Predicting the 2017 College Football Bowl Season with Pagerank
If you are more interested in the game predictions than the technical background, skip ahead to the Results section.
College football is unusual in the sparsity of its matchups vs. the number of teams – with 129 schools in its highest subdivision of play and only twelve regular season matchups for each team, it is simply impossible for any one team to play a large proportion of the field. Fans of other leagues, especially professional leagues like the NFL or NBA, have the luxury of seeing the majority of conflicts resolved head-to-head on the field. Many of the most prominent burning questions in college football never get this luxury. Is the Big Ten Conference better than the SEC? We could look at the two games they played against each other this year – Michigan beating Florida 60-25 in Week 1 and Purdue beating Missouri 55-29 in Week 3 – and haphazardly say “yes,” but there’s clearly not enough direct evidence to make that claim with a straight face. Is Alabama better than Ohio State? It’s hard to make any argument without invoking dubious transitivity of wins several times over or subjectively judging their on-field performance (the so-called “eye test”). Nevertheless, college football fans always manage to select arguments with which they can express certainty in their convictions that their team or their conference deserves more recognition and more respect in the postseason.
Technical Approach
This problem has intrigued me for a long time. I’m particularly drawn to its similarity to a well-studied problem on the web: ranking large sets where the available data indicating order is sparse relative to the size of the dataset. While the scale is very different and the web is much more sparse than college football matchups, it still seems like some of the approaches developed for ranking content on the web might be more appropriate for understanding college football than the mindsets fans apply to smaller leagues with more games, where on-field results and single-degree transitivity have more value for indicating top performers in a season. Perhaps the most prominent algorithm for ranking content on the web is Google’s PageRank, which considers a link from page A to page B as an “endorsement” of B by A, and values A based on a discounted sum of the values of all of the pages that link to it. Intuitively, this means that for a page to “rank higher,” it must be linked to by pages that also rank highly. If instead of web pages we consider college football teams, and instead of links we consider games with the loser “endorsing” the winner, this approach can be seen as combining some sense of “strength of schedule” with win-loss record – beating a highly ranked team adds to a team’s value tremendously, while beating an 0-11 team has close to zero value. Importantly, the fact that the algorithm is applied iteratively incorporates transitivity of wins to an extent, allowing it to produce meaningful results even when connectivity is fairly low within the graph, as in college football. In the past, I have applied PageRank to ranking conferences in light of postseason results at the end of the bowl season, which has often produced subjectively more aggreeable results than traditional methods, like ranking by win-loss percentages:
2016 2015 2014
1. ACC (0.169) 1. SEC (0.211) 1. Mountain West (0.119)

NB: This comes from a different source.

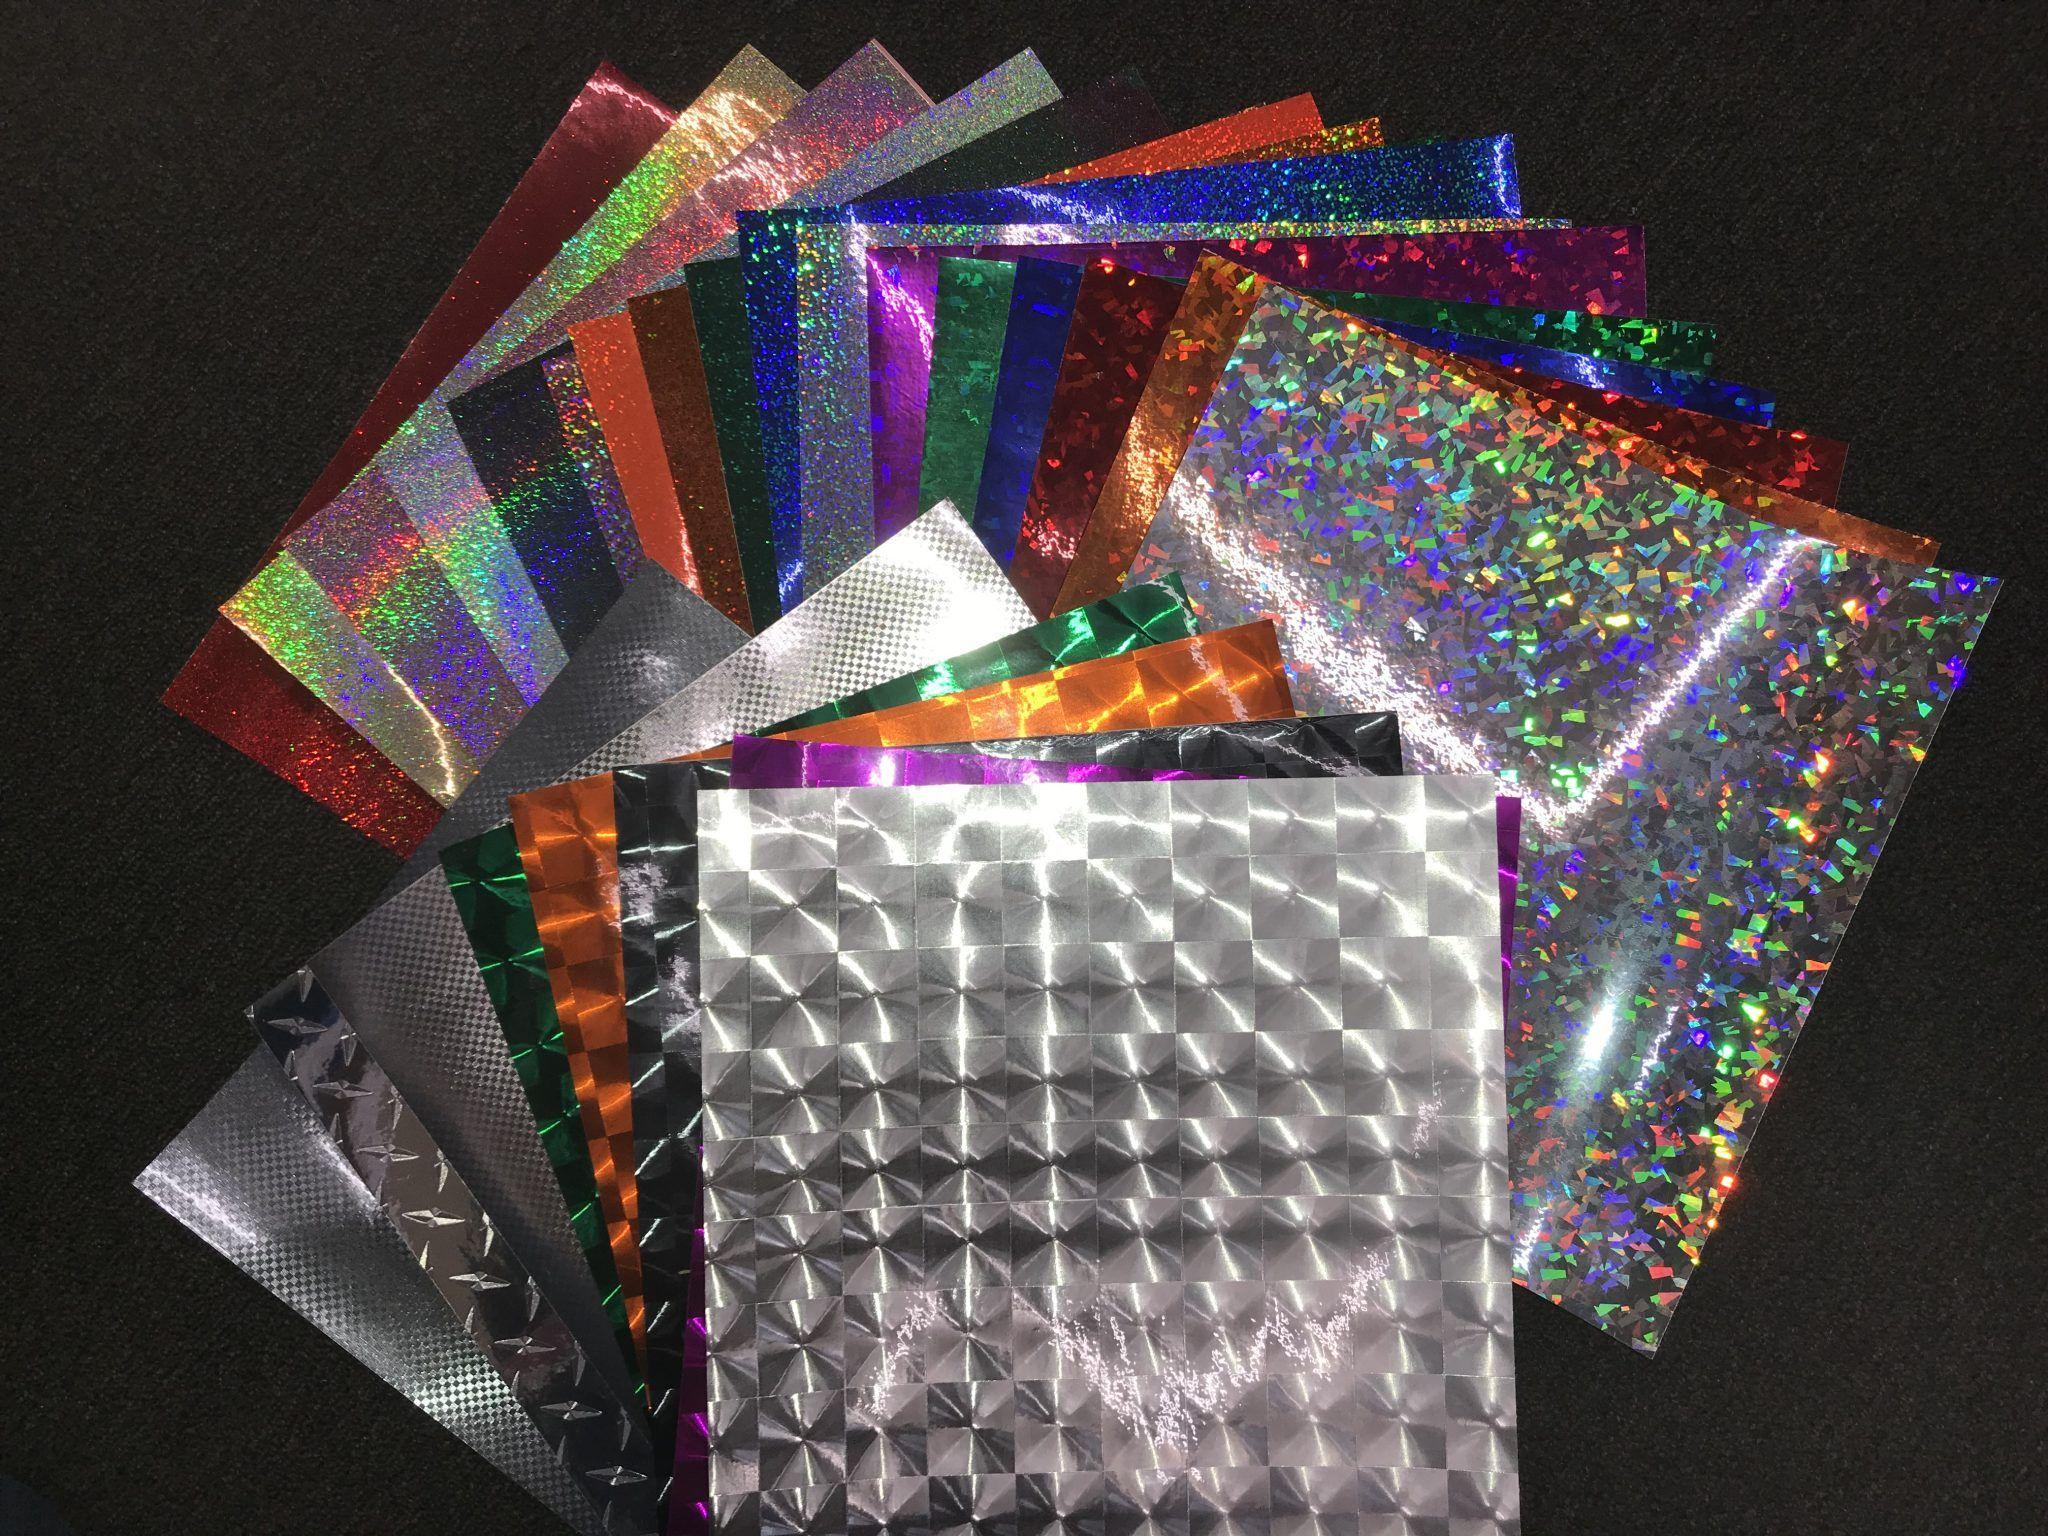 Vw Fantay Films Adhesive Vinyl Mi Vinyl World Adhesive Vinyl Diamond Plate Vinyl

2. SEC (0.152) 2. Big Ten (0.175) 2. Big Ten (0.108)
3. Big 12 (0.104) 3. ACC (0.16) 3. SEC (0.108)
4. Big Ten (0.0869) 4. Pac 12 (0.116) 4. Pac 12 (0.0996)
5. Pac 12 (0.0826) 5. Big 12 (0.0855) 5. ACC (0.0781)
I have also used PageRank with some success as a feature in a model predicting AP poll results given a week’s game outcomes. Now, I want to extend this approach to predicting actual game outcomes. This weekend marks the beginning of the 2017 college football bowl season. Bowl games almost always produce matchups of teams from different conferences who rarely have played common opponents, so this is a good opportunity to see how well a PageRank-supported model can predict results between teams that are distant from each other in a graph of prior matchups.
Models
The approach I took was to separately predict the points that each team would score given the features:
pr_diff, the difference in PageRank between the team and their opponent. This was calculated using a graph of the entire regular season results. Initial models used unit weight for edges, and margin of victory was used in later experiments. Results are presented below for both.conf_pr_diff, the difference in PageRank between the teams’ conferences given regular season results. Unit weight was always used for edges.ap_rank_diff, the difference in the week 14 AP poll ranking between the team and their opponent. All unranked teams were treated as tied for 26.opp_points_allowed, the average points the opponent allowed per game in the regular season.ppg, the average points per game scored by the team.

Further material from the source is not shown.